# TASK DESCRIPTION
Only the lines from the one containing "WHITE FIRE Peach" through the one containing "Hannah and Grant" should be printed, exactly as they appear below, with both ends included.

Data items
# # # #

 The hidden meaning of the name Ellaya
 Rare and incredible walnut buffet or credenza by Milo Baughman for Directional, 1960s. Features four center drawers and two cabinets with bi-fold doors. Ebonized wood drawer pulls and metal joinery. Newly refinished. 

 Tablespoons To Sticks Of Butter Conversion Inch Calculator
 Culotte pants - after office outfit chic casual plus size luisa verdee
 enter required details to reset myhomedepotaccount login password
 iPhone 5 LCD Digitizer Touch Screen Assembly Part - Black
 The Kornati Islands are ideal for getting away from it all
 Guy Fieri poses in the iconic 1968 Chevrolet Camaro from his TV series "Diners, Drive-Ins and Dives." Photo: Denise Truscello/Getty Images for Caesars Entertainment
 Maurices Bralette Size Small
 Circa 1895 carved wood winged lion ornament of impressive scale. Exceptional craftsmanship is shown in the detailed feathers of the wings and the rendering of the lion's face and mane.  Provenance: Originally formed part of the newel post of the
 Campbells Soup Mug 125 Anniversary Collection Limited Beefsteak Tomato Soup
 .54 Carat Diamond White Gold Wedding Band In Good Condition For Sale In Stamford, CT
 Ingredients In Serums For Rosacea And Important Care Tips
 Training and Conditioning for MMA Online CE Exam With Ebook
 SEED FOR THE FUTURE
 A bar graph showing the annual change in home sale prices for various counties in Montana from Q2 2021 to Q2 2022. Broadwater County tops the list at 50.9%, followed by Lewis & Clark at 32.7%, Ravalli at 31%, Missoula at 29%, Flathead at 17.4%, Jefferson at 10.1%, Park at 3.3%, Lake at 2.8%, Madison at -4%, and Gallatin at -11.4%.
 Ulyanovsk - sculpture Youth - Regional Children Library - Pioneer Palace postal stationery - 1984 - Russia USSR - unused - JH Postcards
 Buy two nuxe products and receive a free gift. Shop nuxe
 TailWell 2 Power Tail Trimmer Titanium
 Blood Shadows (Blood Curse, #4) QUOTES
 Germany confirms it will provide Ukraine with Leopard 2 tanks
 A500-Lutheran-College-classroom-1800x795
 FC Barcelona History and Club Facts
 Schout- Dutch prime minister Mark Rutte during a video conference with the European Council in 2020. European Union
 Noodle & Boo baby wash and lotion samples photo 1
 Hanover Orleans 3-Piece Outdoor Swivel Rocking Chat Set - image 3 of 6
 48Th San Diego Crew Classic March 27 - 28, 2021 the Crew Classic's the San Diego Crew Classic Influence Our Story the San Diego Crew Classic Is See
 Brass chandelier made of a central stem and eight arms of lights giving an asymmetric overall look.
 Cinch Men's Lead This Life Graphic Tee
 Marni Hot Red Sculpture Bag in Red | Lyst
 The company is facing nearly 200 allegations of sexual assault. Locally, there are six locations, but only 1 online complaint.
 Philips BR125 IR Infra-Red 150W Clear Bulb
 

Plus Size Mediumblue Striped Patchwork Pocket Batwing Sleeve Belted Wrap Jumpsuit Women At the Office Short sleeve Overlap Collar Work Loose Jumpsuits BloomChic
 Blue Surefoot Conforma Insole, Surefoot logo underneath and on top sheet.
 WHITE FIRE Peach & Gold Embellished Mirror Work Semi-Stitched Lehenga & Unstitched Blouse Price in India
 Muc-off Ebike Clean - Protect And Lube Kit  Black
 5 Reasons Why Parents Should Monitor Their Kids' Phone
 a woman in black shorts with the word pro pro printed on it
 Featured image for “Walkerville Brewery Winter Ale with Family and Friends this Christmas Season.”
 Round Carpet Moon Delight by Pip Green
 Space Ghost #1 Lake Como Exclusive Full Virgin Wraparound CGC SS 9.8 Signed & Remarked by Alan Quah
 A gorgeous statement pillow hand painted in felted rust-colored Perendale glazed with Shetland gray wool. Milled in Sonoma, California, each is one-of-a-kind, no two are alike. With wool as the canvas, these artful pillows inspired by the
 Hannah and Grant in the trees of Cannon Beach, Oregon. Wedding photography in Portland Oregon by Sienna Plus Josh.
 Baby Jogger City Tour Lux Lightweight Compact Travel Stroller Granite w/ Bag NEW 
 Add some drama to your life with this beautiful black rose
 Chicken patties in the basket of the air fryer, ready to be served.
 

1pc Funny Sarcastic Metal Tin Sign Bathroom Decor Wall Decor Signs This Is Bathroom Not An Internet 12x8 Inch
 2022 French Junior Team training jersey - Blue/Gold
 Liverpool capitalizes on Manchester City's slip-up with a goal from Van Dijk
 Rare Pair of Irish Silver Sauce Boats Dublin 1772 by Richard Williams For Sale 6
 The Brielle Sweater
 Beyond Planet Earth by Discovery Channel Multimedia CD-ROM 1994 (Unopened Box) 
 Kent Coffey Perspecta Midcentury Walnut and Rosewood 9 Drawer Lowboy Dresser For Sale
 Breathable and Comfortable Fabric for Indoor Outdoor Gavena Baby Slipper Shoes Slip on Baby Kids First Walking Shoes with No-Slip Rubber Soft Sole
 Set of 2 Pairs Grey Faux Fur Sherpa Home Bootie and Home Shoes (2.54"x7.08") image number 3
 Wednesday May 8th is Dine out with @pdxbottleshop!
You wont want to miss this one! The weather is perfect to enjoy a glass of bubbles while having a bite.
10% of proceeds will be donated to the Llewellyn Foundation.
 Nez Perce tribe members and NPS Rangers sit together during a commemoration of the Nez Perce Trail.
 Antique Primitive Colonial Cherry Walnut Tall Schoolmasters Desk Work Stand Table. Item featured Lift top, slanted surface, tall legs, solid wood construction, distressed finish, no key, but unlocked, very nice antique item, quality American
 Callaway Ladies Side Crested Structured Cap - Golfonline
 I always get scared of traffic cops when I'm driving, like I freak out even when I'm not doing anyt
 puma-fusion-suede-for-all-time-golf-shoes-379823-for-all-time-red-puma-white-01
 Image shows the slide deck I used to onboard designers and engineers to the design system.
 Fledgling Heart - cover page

# # # #

# REPLY TO THE EXERCISE
 WHITE FIRE Peach & Gold Embellished Mirror Work Semi-Stitched Lehenga & Unstitched Blouse Price in India
 Muc-off Ebike Clean - Protect And Lube Kit  Black
 5 Reasons Why Parents Should Monitor Their Kids' Phone
 a woman in black shorts with the word pro pro printed on it
 Featured image for “Walkerville Brewery Winter Ale with Family and Friends this Christmas Season.”
 Round Carpet Moon Delight by Pip Green
 Space Ghost #1 Lake Como Exclusive Full Virgin Wraparound CGC SS 9.8 Signed & Remarked by Alan Quah
 A gorgeous statement pillow hand painted in felted rust-colored Perendale glazed with Shetland gray wool. Milled in Sonoma, California, each is one-of-a-kind, no two are alike. With wool as the canvas, these artful pillows inspired by the
 Hannah and Grant in the trees of Cannon Beach, Oregon. Wedding photography in Portland Oregon by Sienna Plus Josh.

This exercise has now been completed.